As trevas têm importância grande na parte do medo e englobam uma gama de outros menos consigo. Aqui nota-se muitos medos geradores de tantas lendas que temos na época contemporânea nasceram lá nos séculos XV e XVI, como o curioso relato documentado por padres, e principalmente estes sobre animais, no caso lobos, que invadiam as cidades e devoravam as pessoas sem ao menos rasgares as roupas, uma ligação direta aos atuais lobisomens do nosso atual folclore literário e popular. Ligando as trevas, temos a peste, com a peste bubônica acompanha um grupo de doenças que foram epidêmicas em mais diversos momentos do ocidente.

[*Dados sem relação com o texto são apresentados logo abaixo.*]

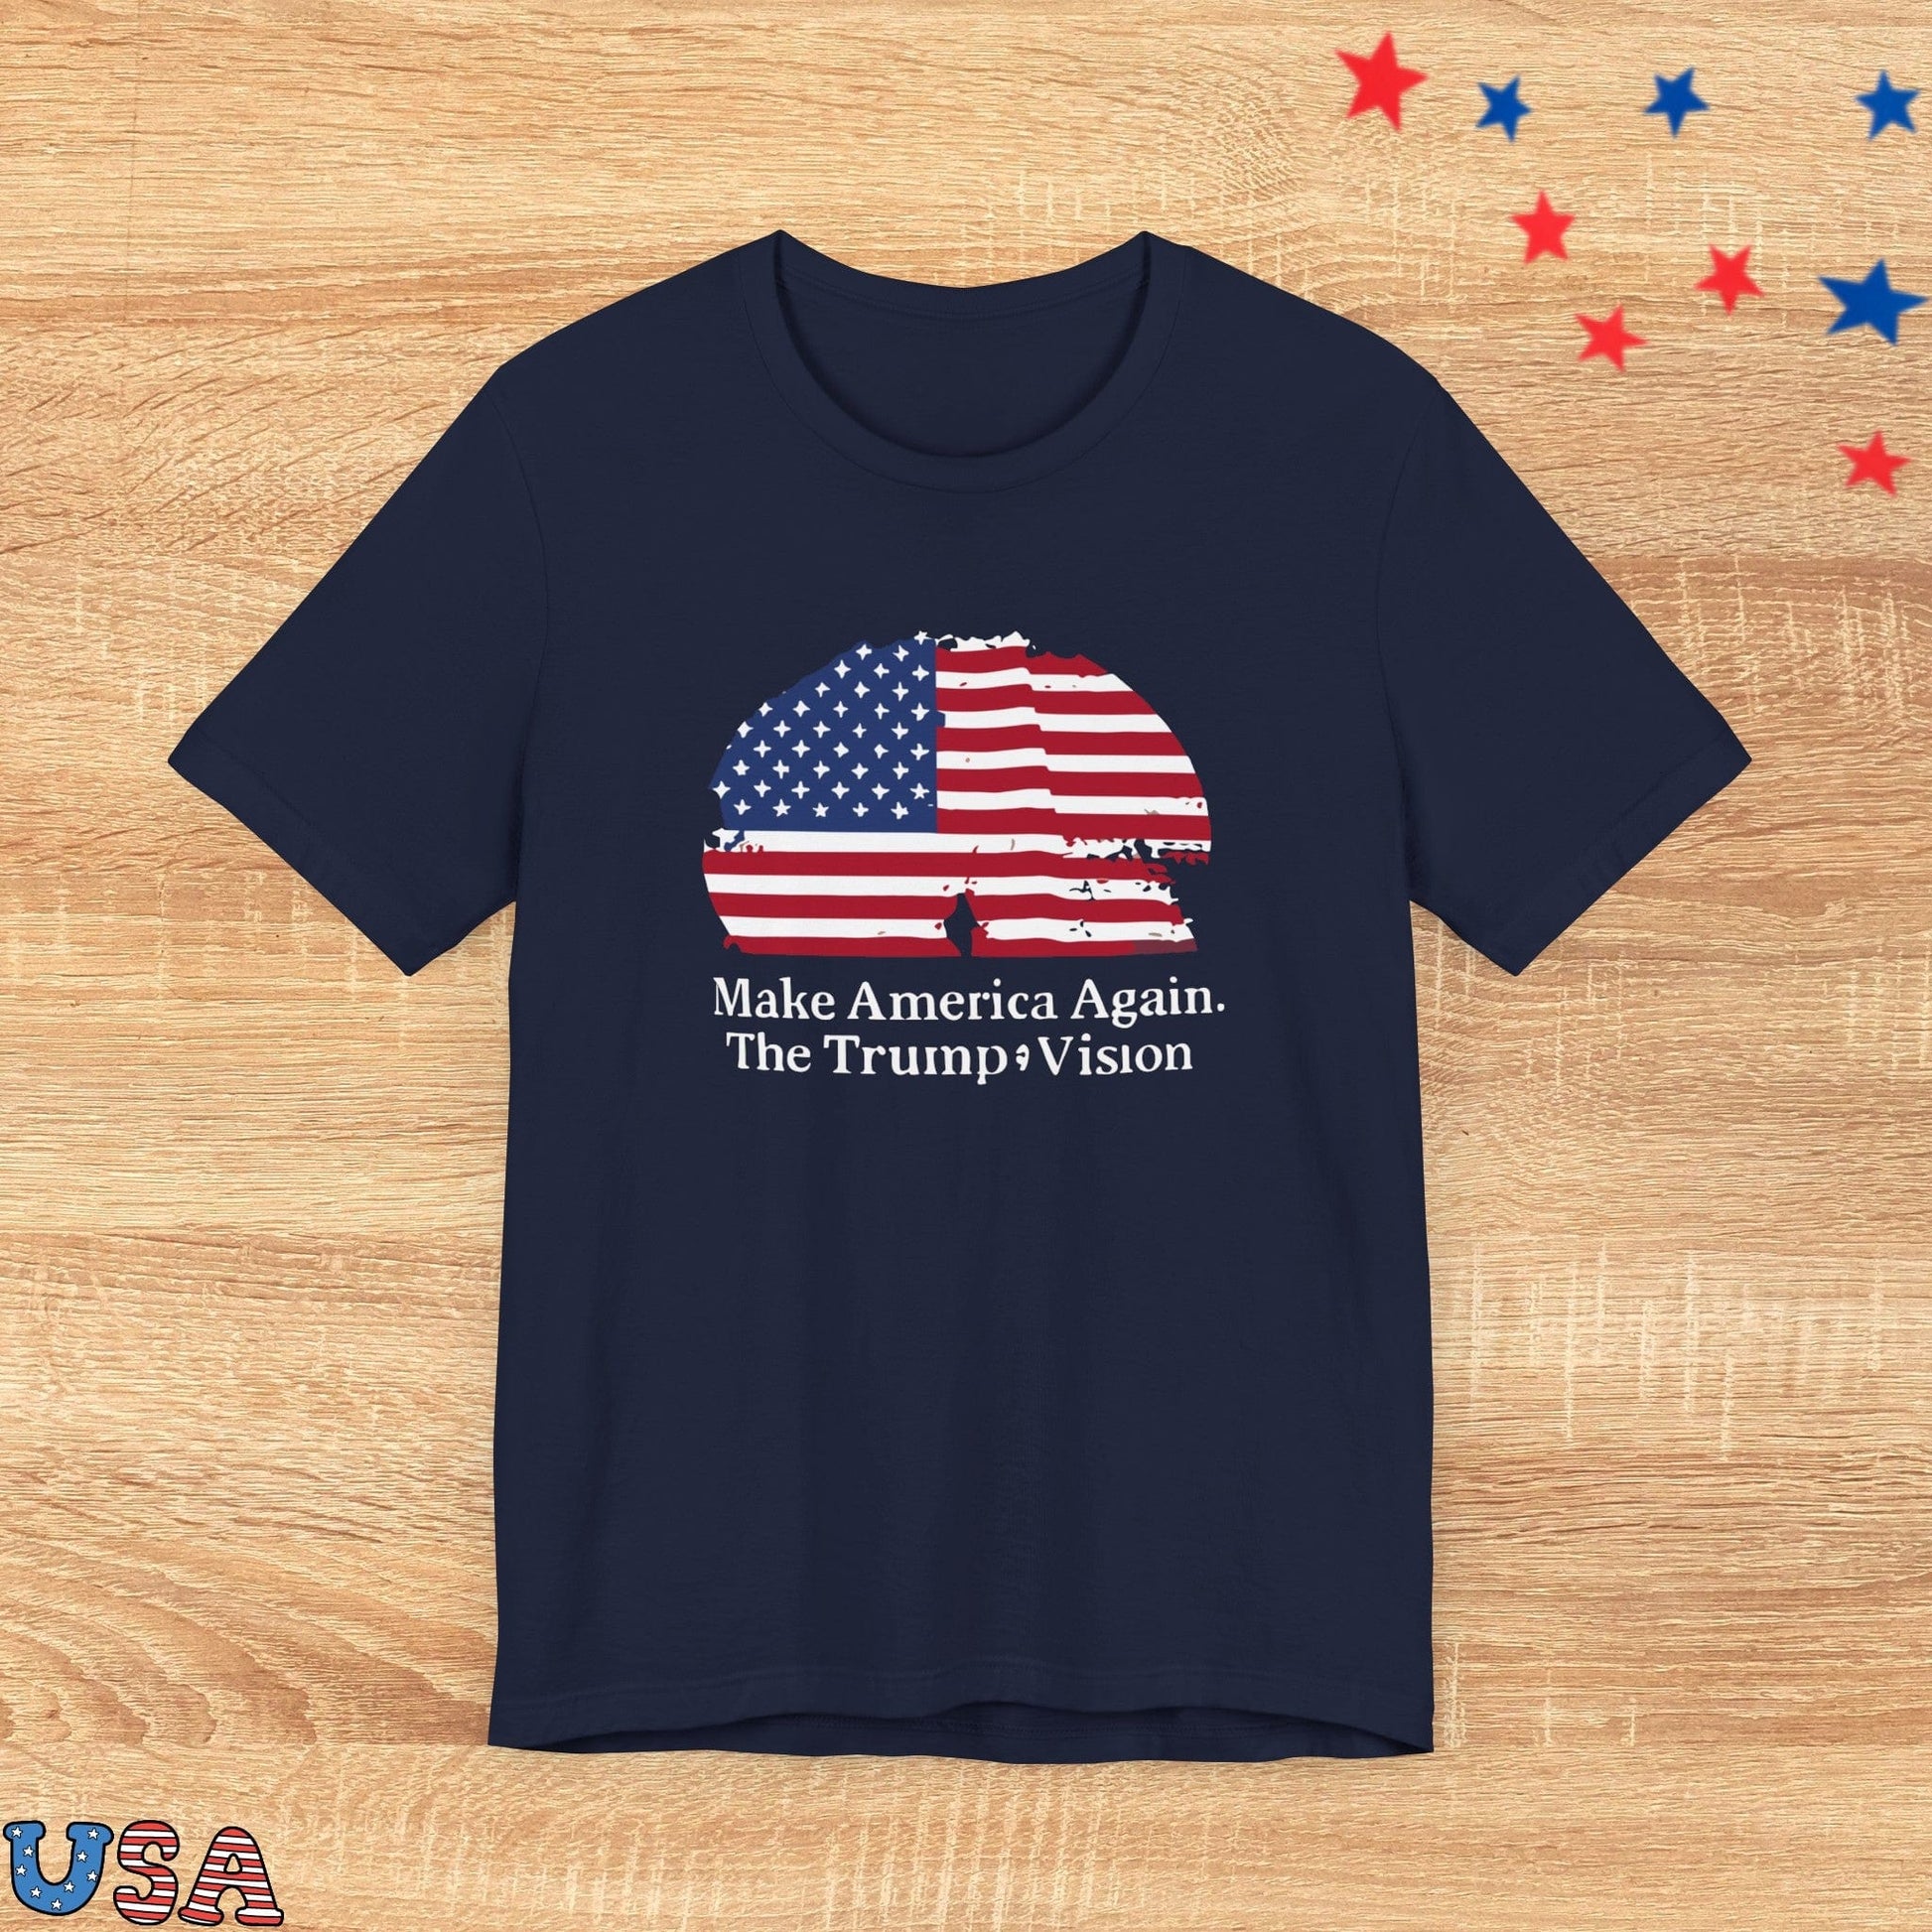 patriotic stars T-Shirt Navy / XS Make America Again! The Trump Vision

O medo entra por uma parte mais voltada ao físico e a carne quando se aborda o tema das sedições. Os padres e as mulheres são temas abordados em especial, as sedições dos camponeses são relatadas e dialogadas com os relatos abordados, mas os fatos mais interessantes são o medo em volta da figura feminina, muito bem abordado revelando informações inusitadas e curiosas. As mulheres são chamadas, em uma parte do texto, de “metade subversiva da humanidade”, isto passa bem a ideia dos perigos que o feminino trazia. Não por coincidência que as bruxas e as feiticeiras eram por definição mulheres, o número de homens que eram acusados e julgados por tais práticas sempre foi, infinitamente menor.
Seguindo na segunda parte do livro, temos os medos culturais e suas abordagens diversas, como se a própria cultura incentivasse o medo. A parte escatológica é fundamental nesta parte do argumento, abordando os medos que são guardados no coração que dos individuo independente da religião do indivíduo. O satã, judeus, pagãos, a morte, e todo tipo de medo ou receio que habita no coração do ser onde a única saída é a palavra de Deus. Mas um fator interessante é que somente Deus poderia resguardar seus “filhos” do poder do mau, já que o próprio Deus é incapaz de extirpar satã e todo o mau do mundo.
Feitiçaria não tarda a chegar, apesar de que todo o livro vai se pautando, principalmente quando envolvem as trevas e os lobos, em insinuar à frequente influência das forças da bruxaria e de feitiçaria no transcorrer do tempo. Interessante quanto citar bruxarias e feitiçaria é lembrar que inúmeras superstições e “simpatias” tem sua origem em costumes pagãos, tanto de outras religiões diversas quanto especificamente da religião judaica. A perseguição das práticas de bruxarias, e quaisquer costumes não cristãos, foram veementemente combatidos e a inquisição teve mão forte contra tais práticas. Mais para o final do livro, podemos encontrar uma tabela do número de execuções e a região que ocorreram no decorrer de algumas décadas. Muito importante dizer, que as “marés” de execuções costumavam mudar ao gosto de temporadas, como podemos perceber no texto. Sendo assim poderíamos até mesmo detectar possíveis crises religiosas ou adventos de outros problemas, sejam de ordem popular, de ordem nobre ou de demanda econômica, sempre tendo como “norte” este crescimento da ação religiosa de tempos em tempos.